CF Industries producirá 1,3 millones de toneladas de urea, de las cuales 350.000 servirán para el consumo peruano, incentivado por la pujante agroindustria exportadora y también la agricultura tradicional. La diferencia será exportada principalmente a los mercados de la región, en especial a Chile, Ecuador, Colombia y Centroamérica. Todos ellos grandes consumidores de urea importada desde Ucrania, Rusia y China. “En conjunto, la región consume cuatro millones de toneladas de urea por año. Nosotros pensamos participar con 20% o 25%”, señala Benavides.

Coincidentemente, otro ex ministro peruano está vinculado a otro proyecto petroquímico peruano. Se trata de Jaime Quijandría Salmón, ex titular de Energía y Minas y de Economía y Finanzas, quien asesora al consorcio peruano-chileno Nitratos del Perú, cuya planta de amoníaco comenzaría a operar a inicios de 2012 con una inversión de US$ 650 millones.

Controlado por el grupo peruano Brescia y el chileno Sigdo Koppers, Nitratos del Perú producirá 750.000 toneladas anuales de amoníaco, además de 350.000 toneladas anuales de nitrato de amonio de grado industrial.

Así, siendo Perú un país minero, la producción de Nitratos del Perú será determinante para garantizar el abastecimiento de explosivos para la explotación de minerales. Al igual que el caso de la urea, el Perú podrá reemplazar importaciones de explosivos que actualmente provienen de Francia y Chile. “El país seguirá demandando insumos para la minería y por lo tanto el mercado está asegurado”, dice Quijandría. “El Perú no puede seguir dependiendo de la importación de nitrato de amonio”.

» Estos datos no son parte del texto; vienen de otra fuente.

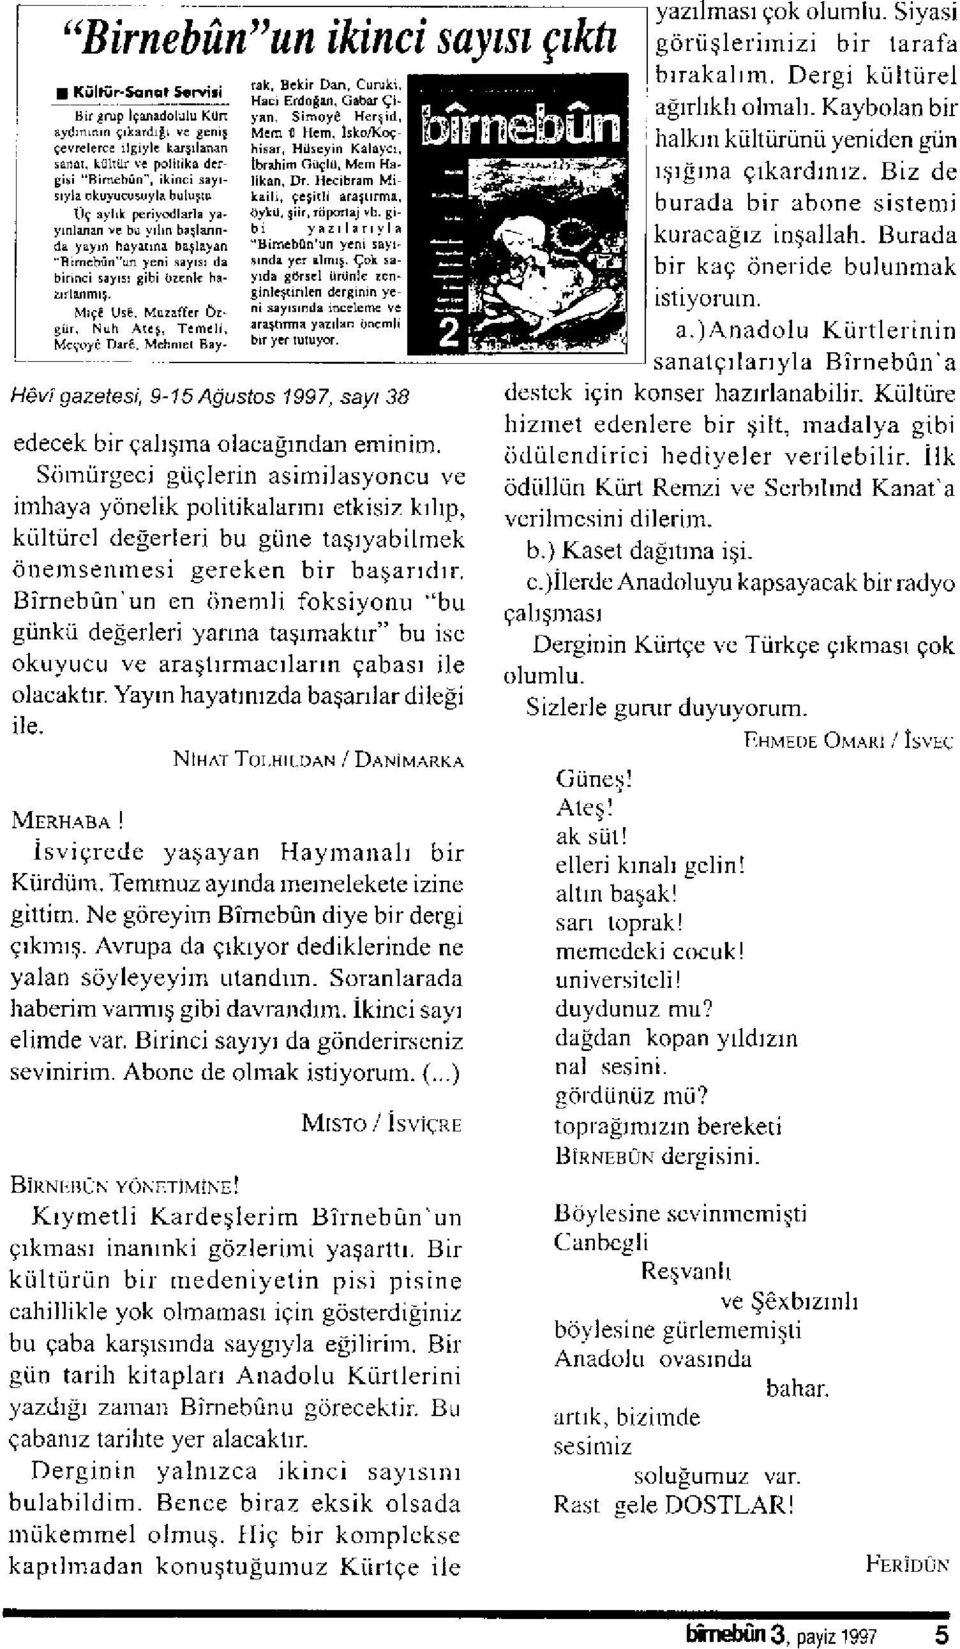 m.li, Mcroyi Drra, M.hi,.r B,y Hevi gazetesi, 9-15 Agustos 1997, sa4 38 edecel bir galrqrna olaragrndan enrinirn.

Al cabo de dos años, Nitratos del Perú se propone producir 750.000 toneladas de nitrato de amonio anuales para luego ampliar la capacidad de la planta y eventualmente exportar. Quijandría añade que con las nuevas inversiones mineras, que en conjunto ascienden a US$ 24.693 millones hasta 2016, el mercado crecerá en forma importante, de manera que la compañía tendrá que ampliar su capacidad futura para abastecer tanto el mercado interno como el externo.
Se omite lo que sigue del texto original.